Task prompt
Find "Fractal Mandala |" below and begin at its line; stop after the line with "My 1st Eid Personalised Baby Keepsake". Output those lines exactly, without pictures.

Data to examine
•••••

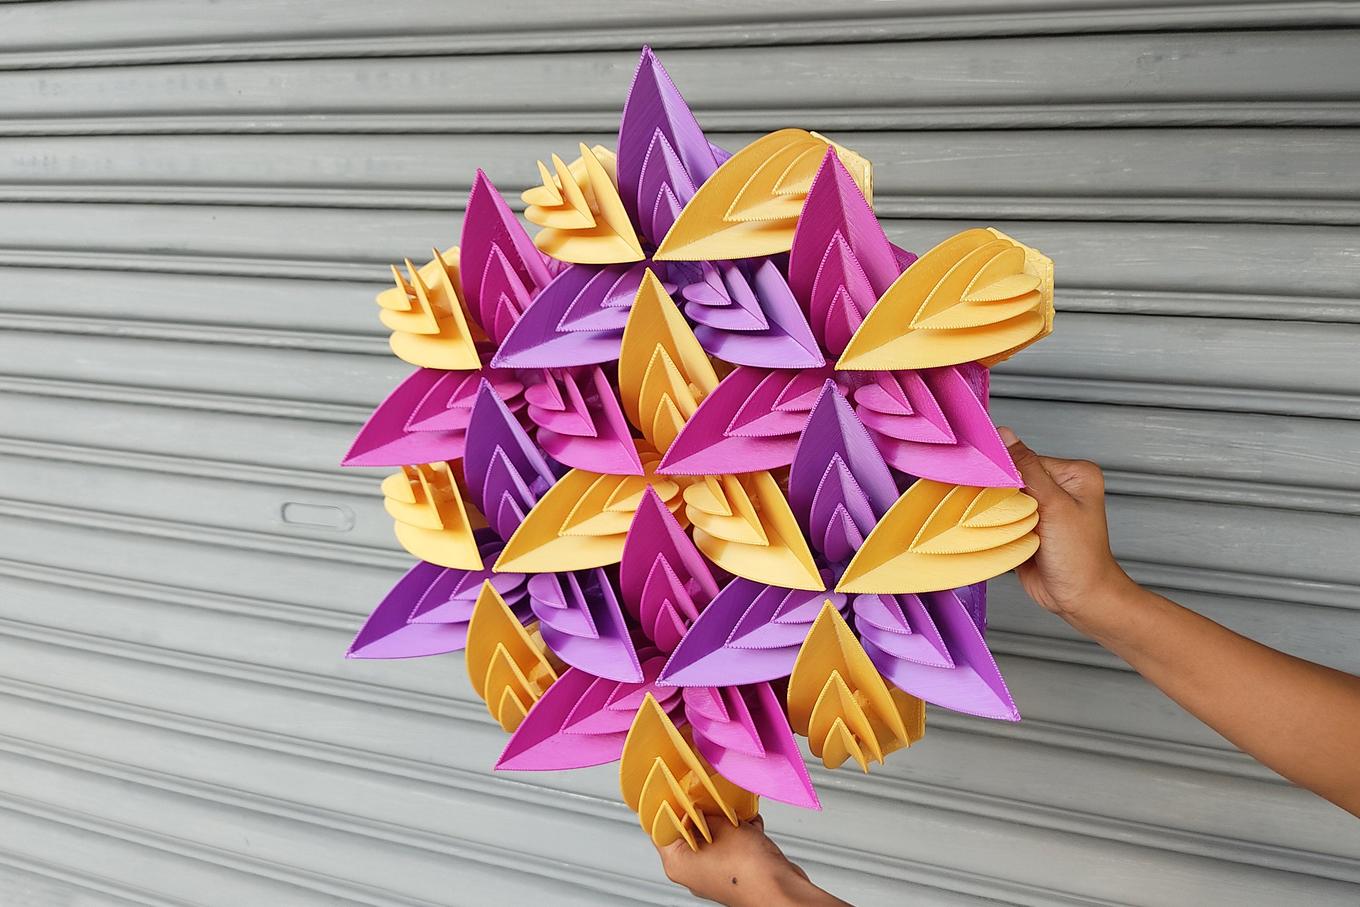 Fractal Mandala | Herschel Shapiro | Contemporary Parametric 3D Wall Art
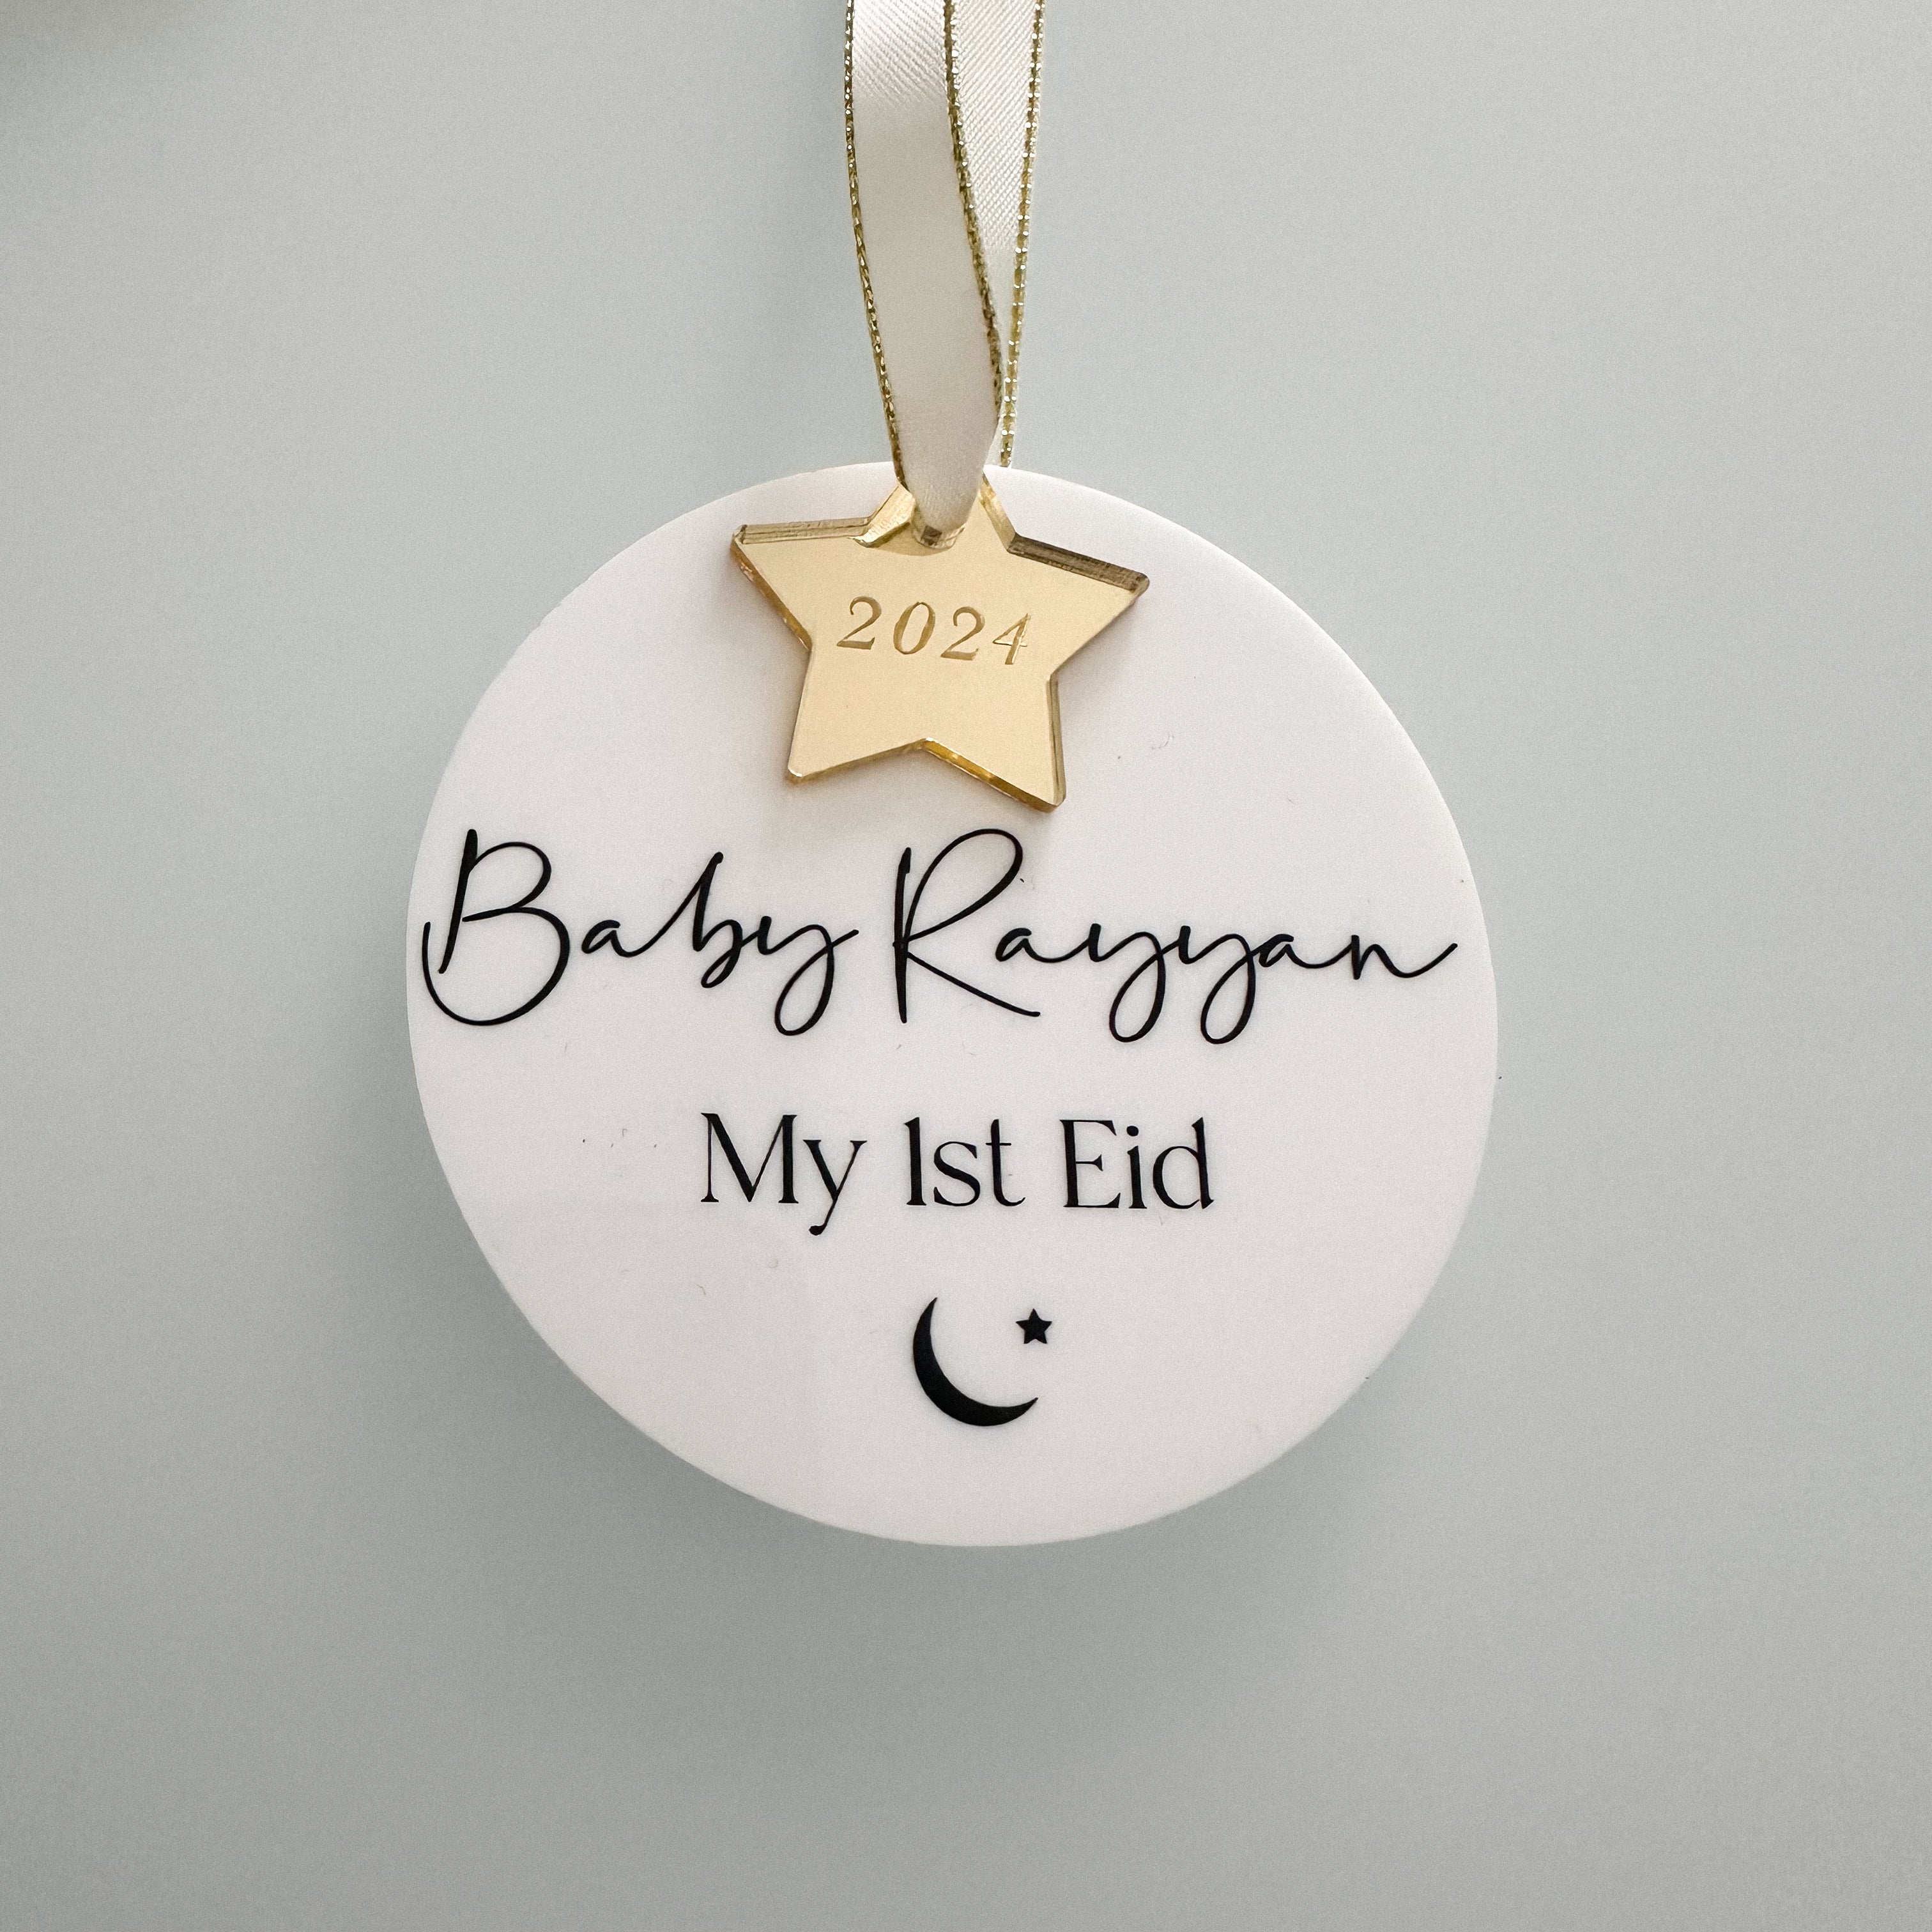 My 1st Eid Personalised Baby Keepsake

•••••

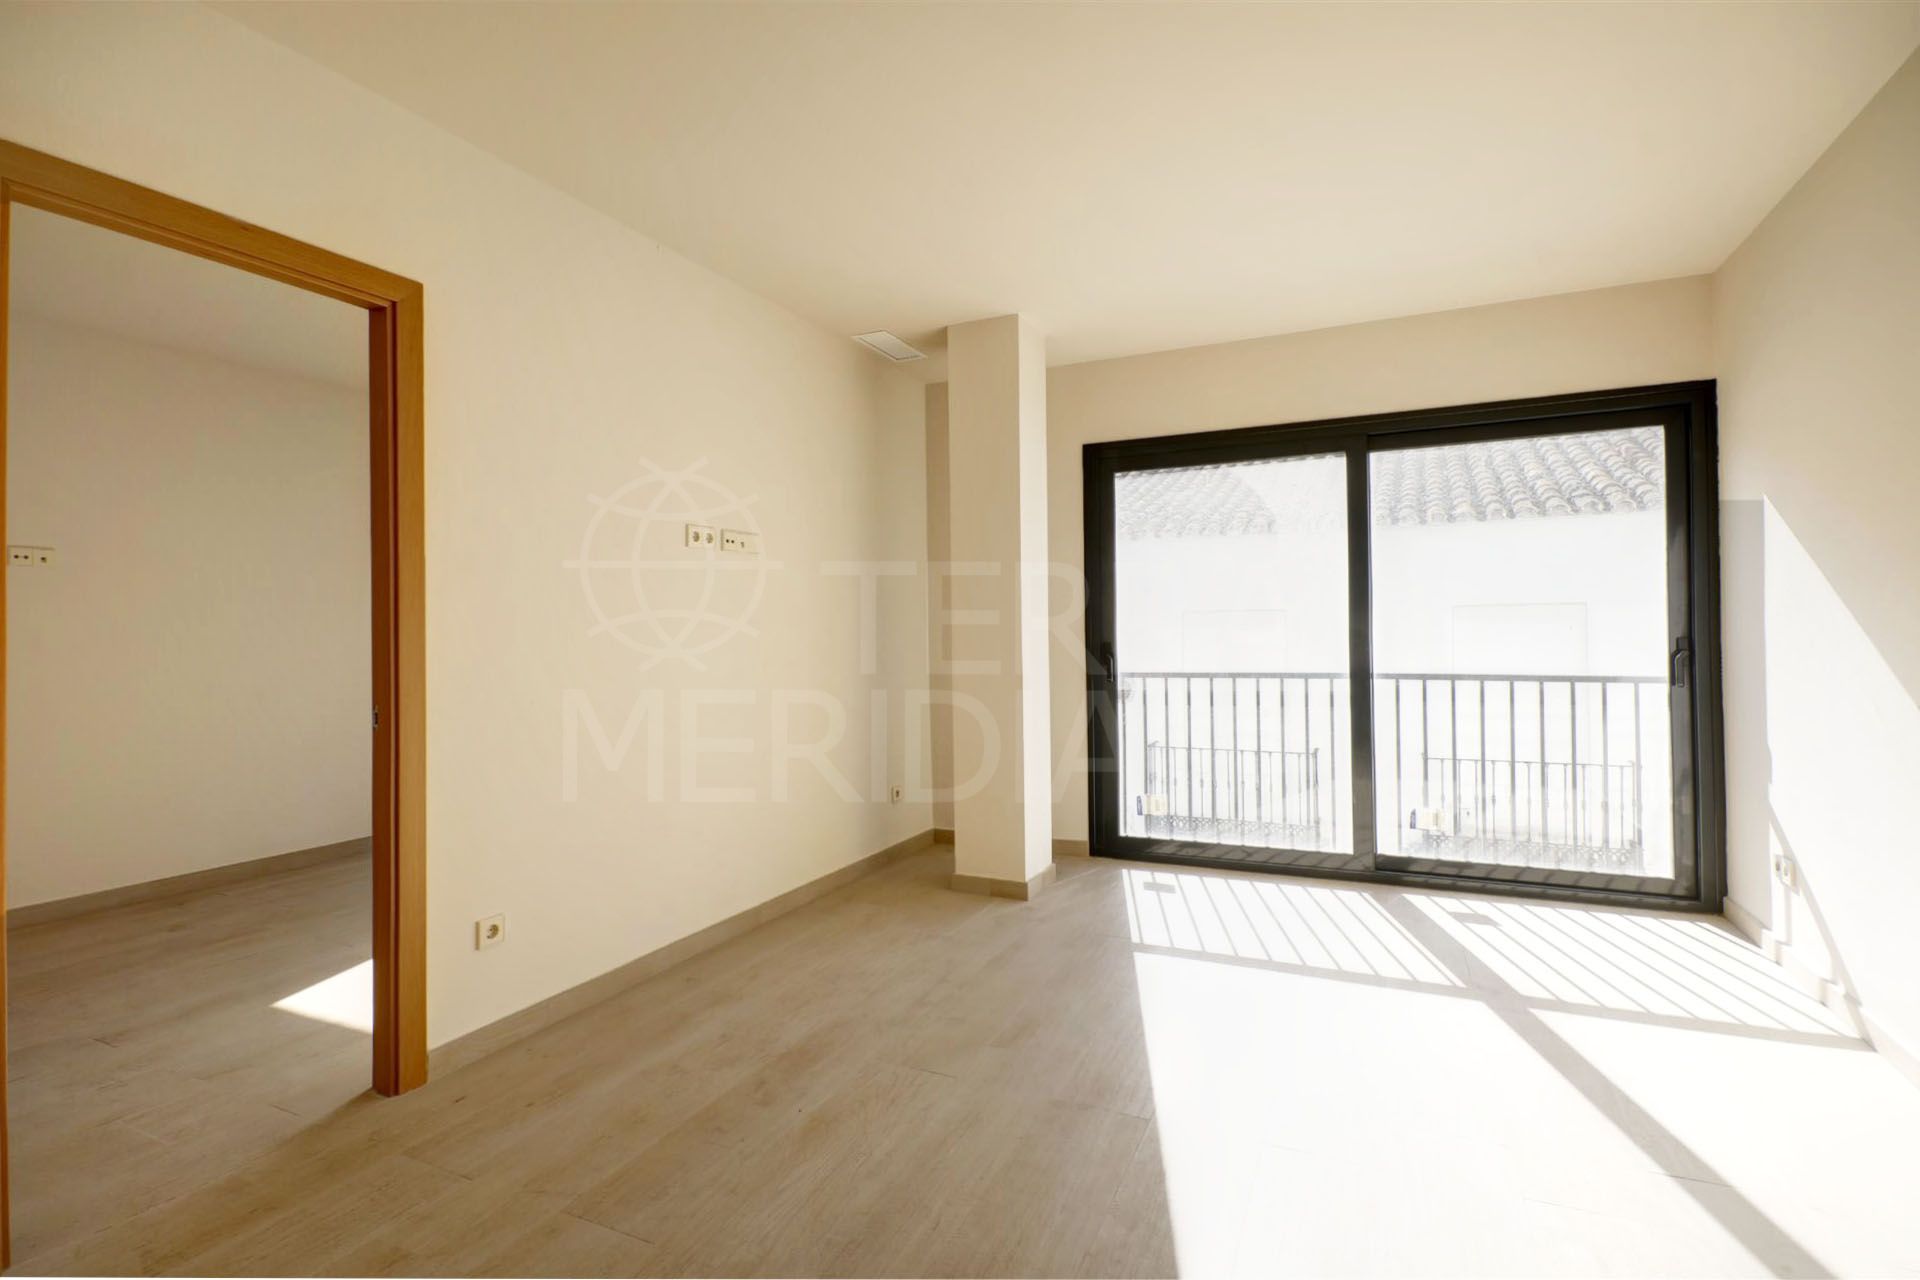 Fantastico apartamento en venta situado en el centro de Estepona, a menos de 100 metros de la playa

•••••

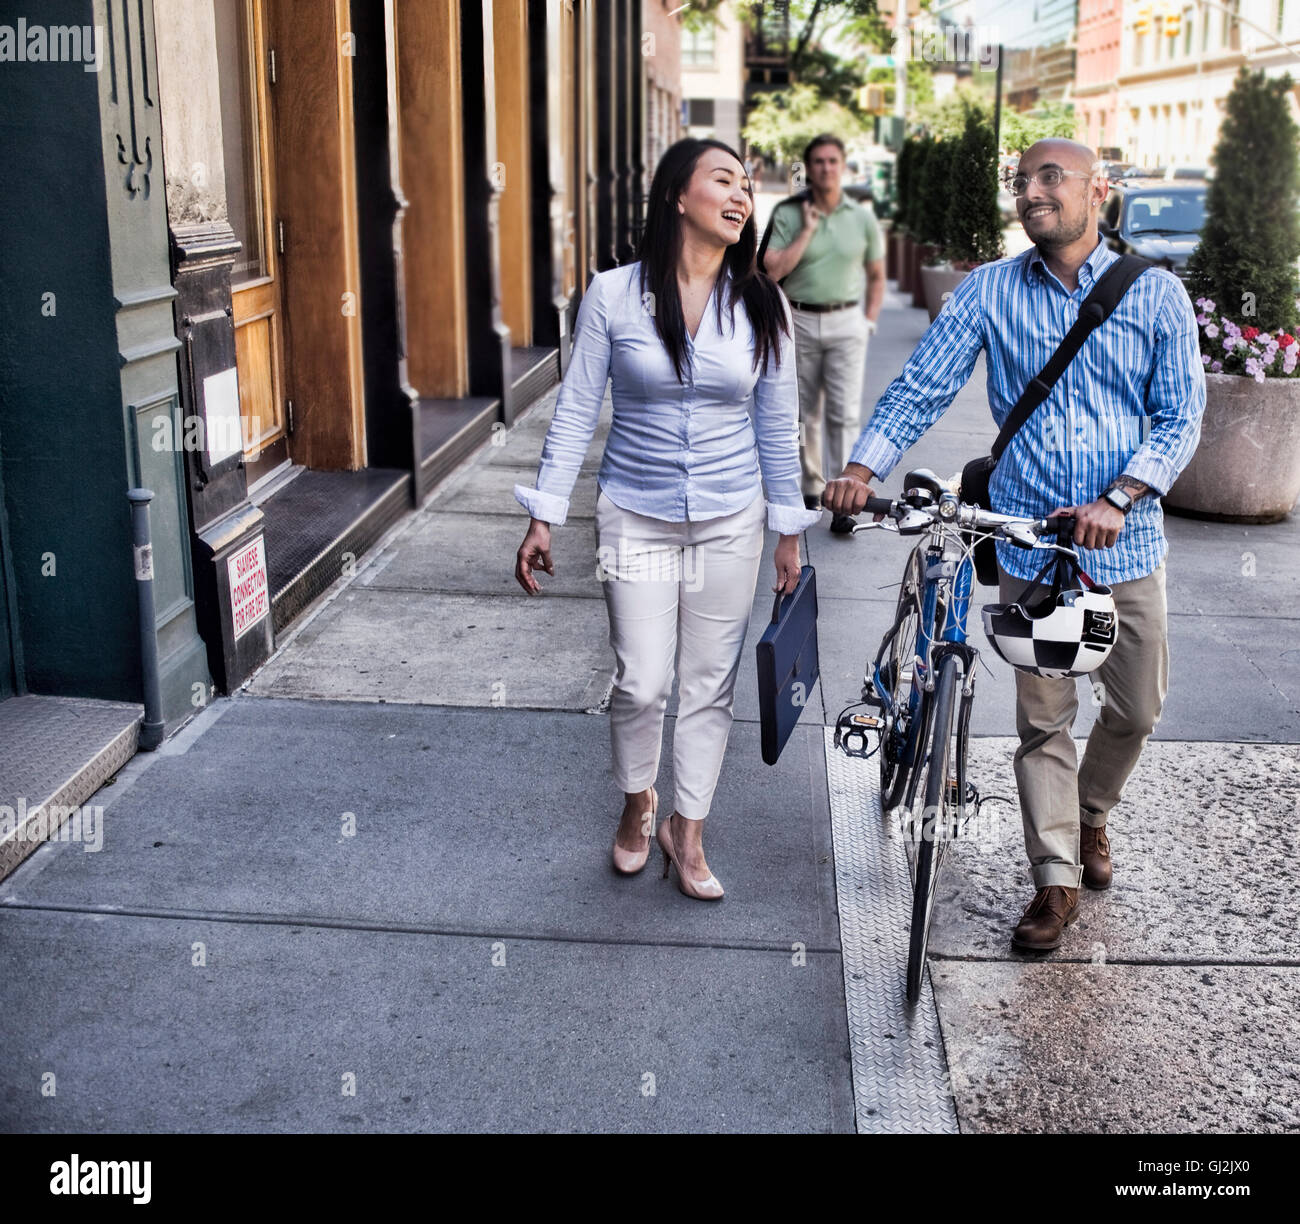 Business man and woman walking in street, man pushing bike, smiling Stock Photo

•••••

Answer for this exercise
 Fractal Mandala | Herschel Shapiro | Contemporary Parametric 3D Wall Art
 My 1st Eid Personalised Baby Keepsake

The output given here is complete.